GIVEN RECORDS:
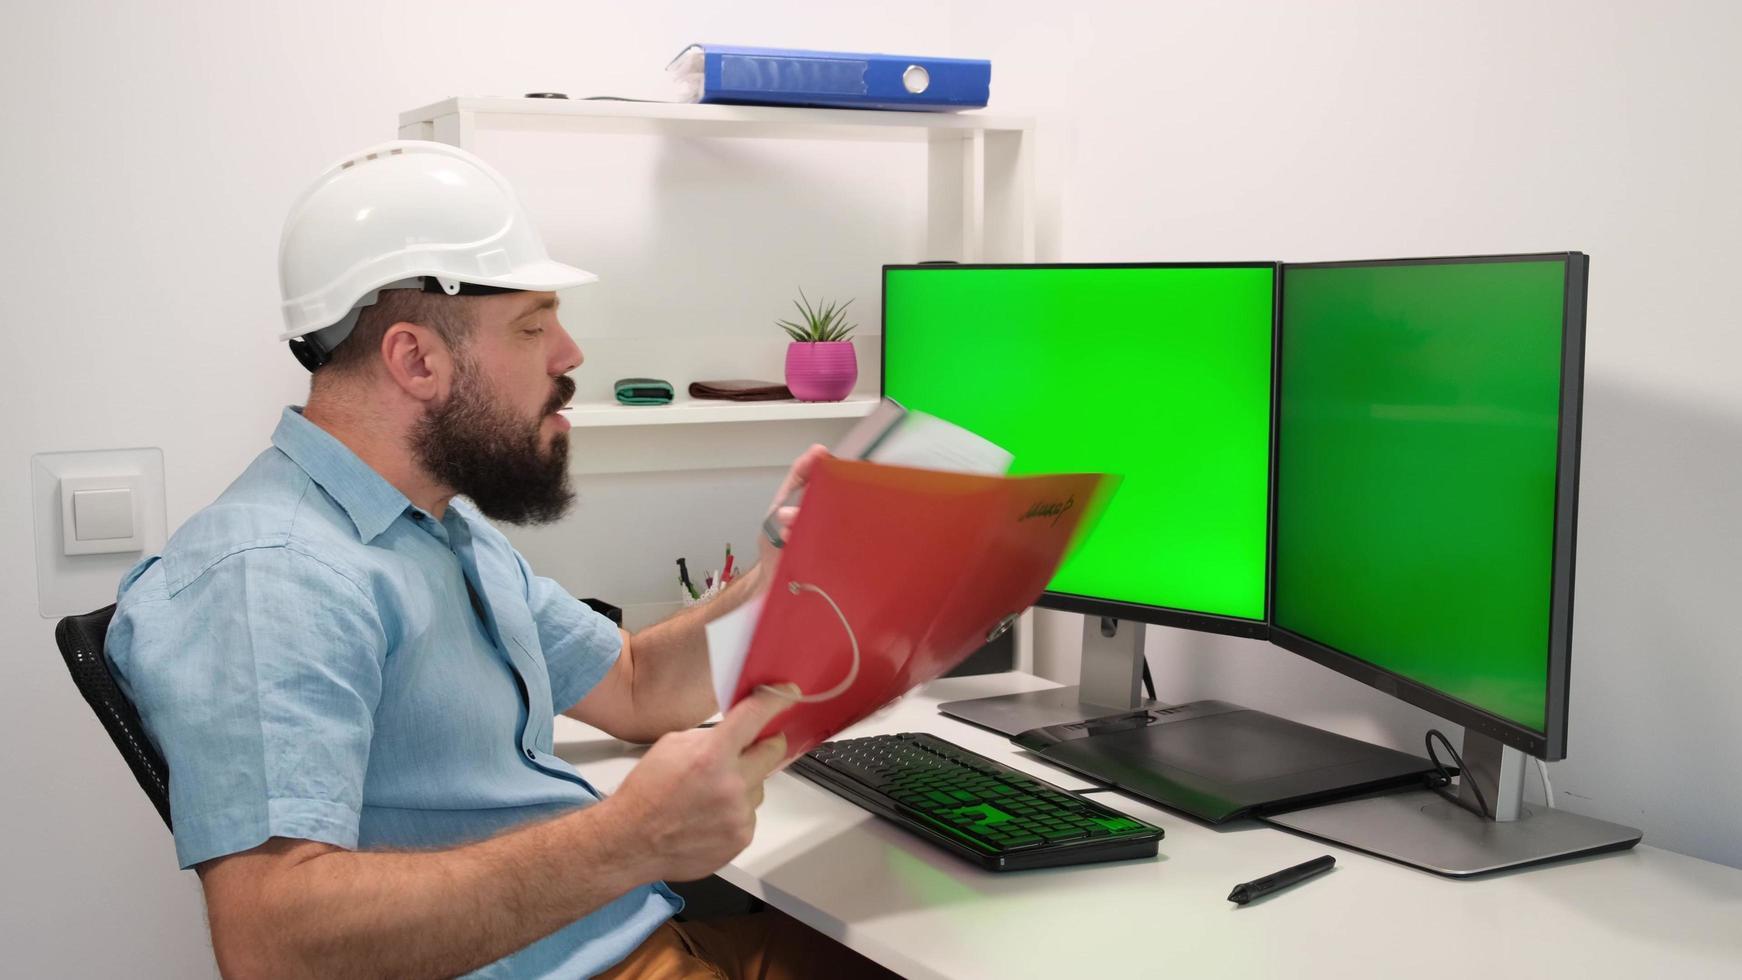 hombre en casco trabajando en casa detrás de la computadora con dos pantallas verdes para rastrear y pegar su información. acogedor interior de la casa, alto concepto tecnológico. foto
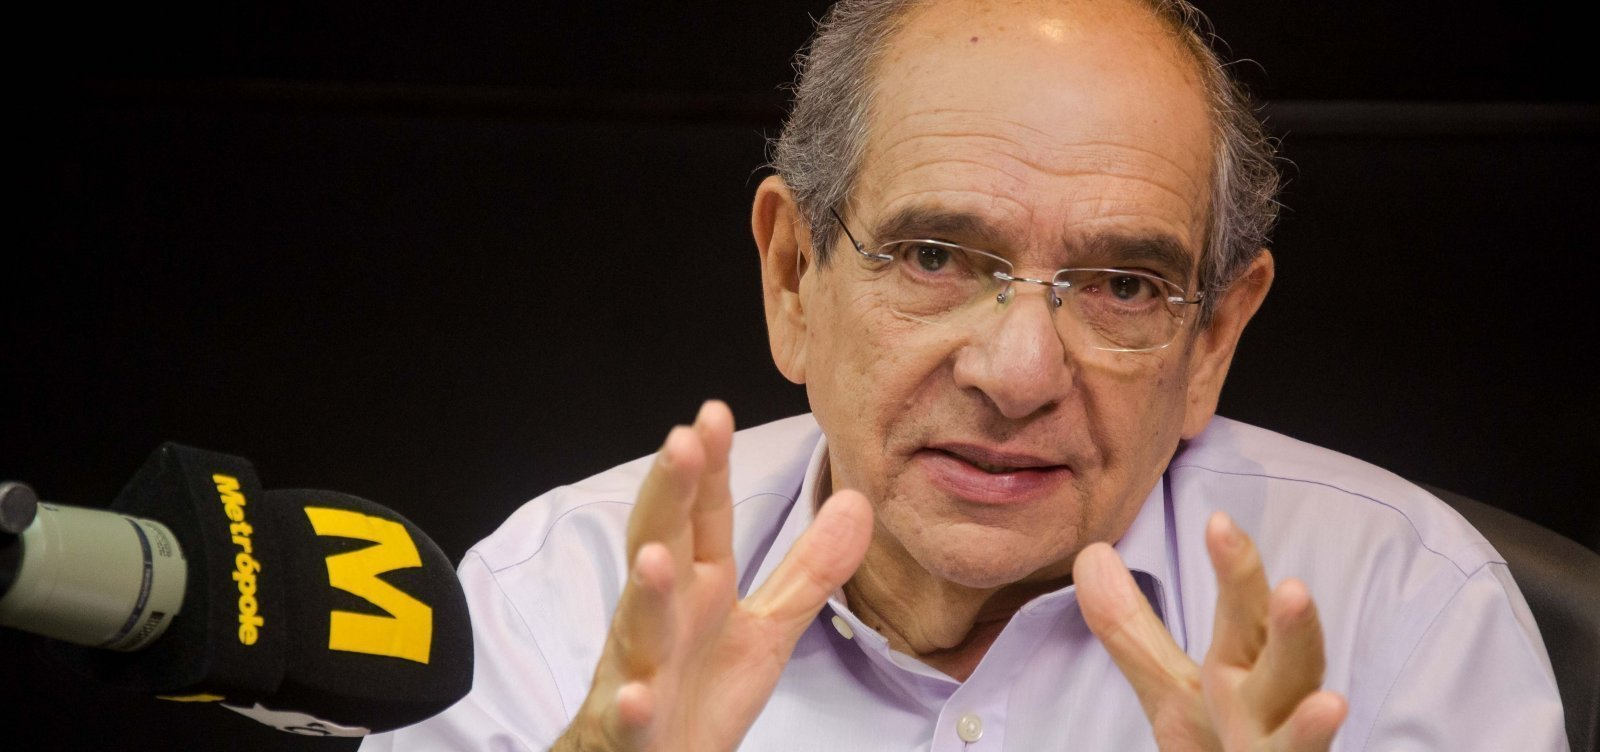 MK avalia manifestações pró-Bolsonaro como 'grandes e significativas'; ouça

--

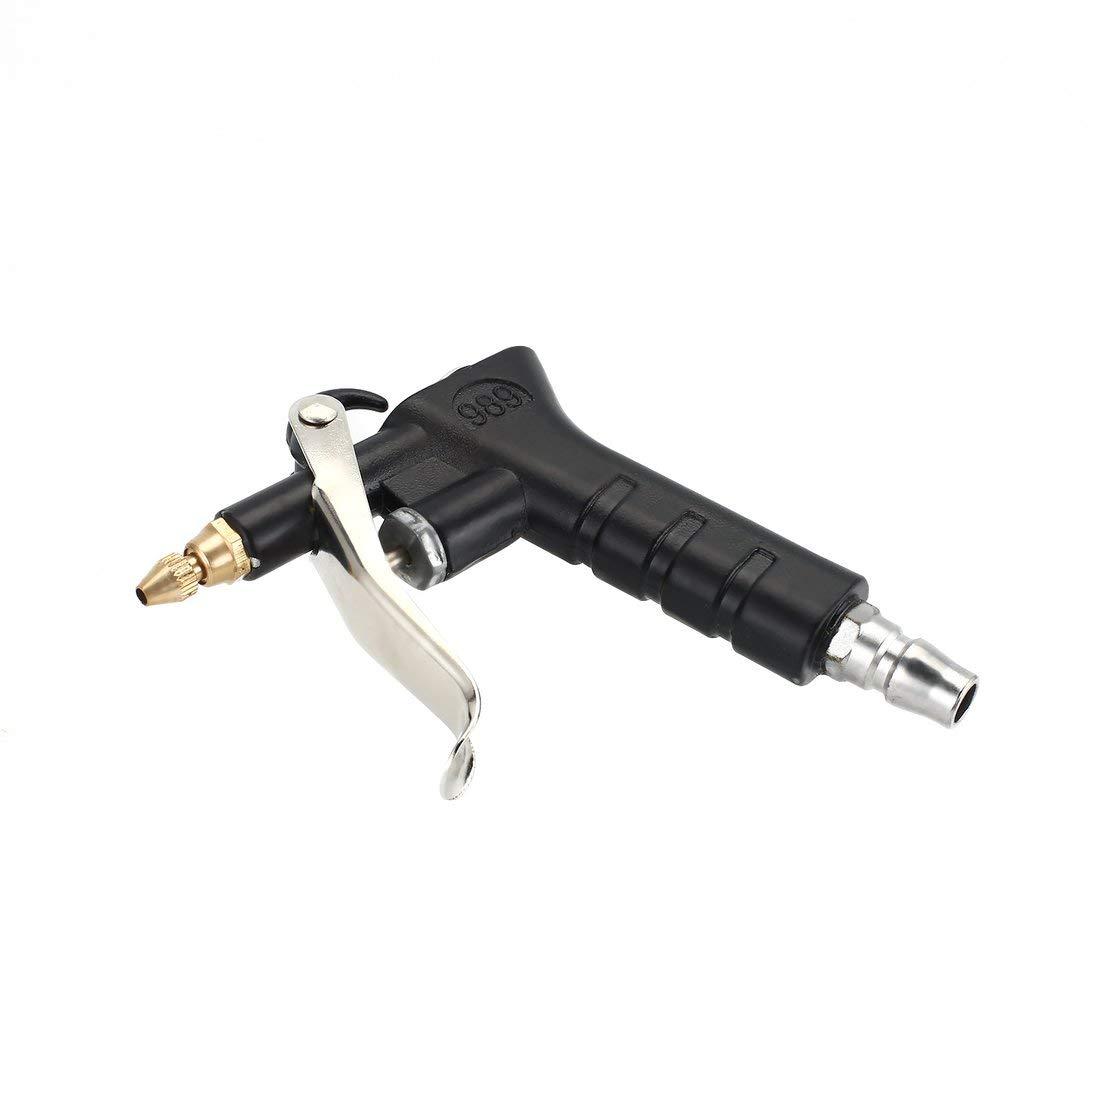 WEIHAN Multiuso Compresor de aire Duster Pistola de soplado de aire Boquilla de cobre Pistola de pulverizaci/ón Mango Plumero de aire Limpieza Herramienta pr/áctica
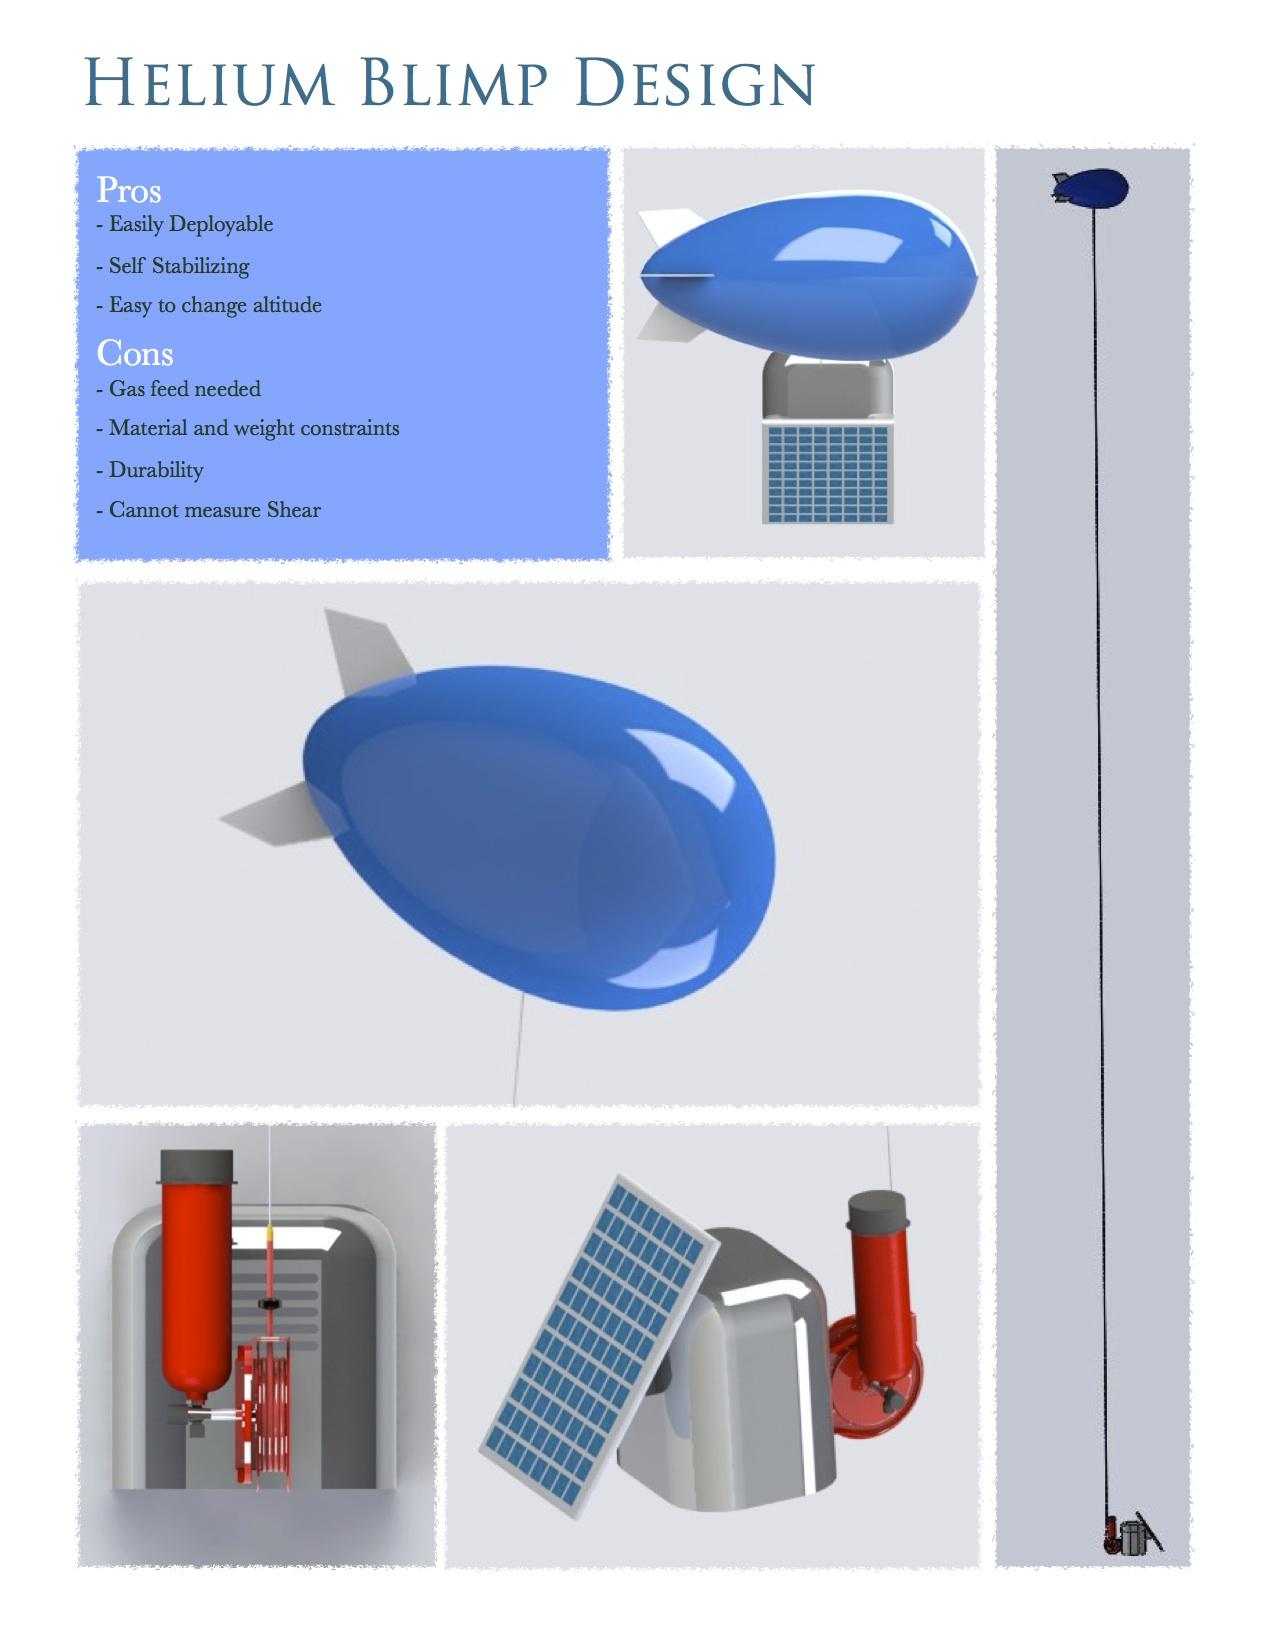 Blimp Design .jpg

PROMPT:
Extract the part of the records that opens with the line containing "hombre en casco" and closes with the line containing "MK avalia manifestações". Take only those lines, exactly, and no pictures.

ANSWER BOX:
 hombre en casco trabajando en casa detrás de la computadora con dos pantallas verdes para rastrear y pegar su información. acogedor interior de la casa, alto concepto tecnológico. foto
 MK avalia manifestações pró-Bolsonaro como 'grandes e significativas'; ouça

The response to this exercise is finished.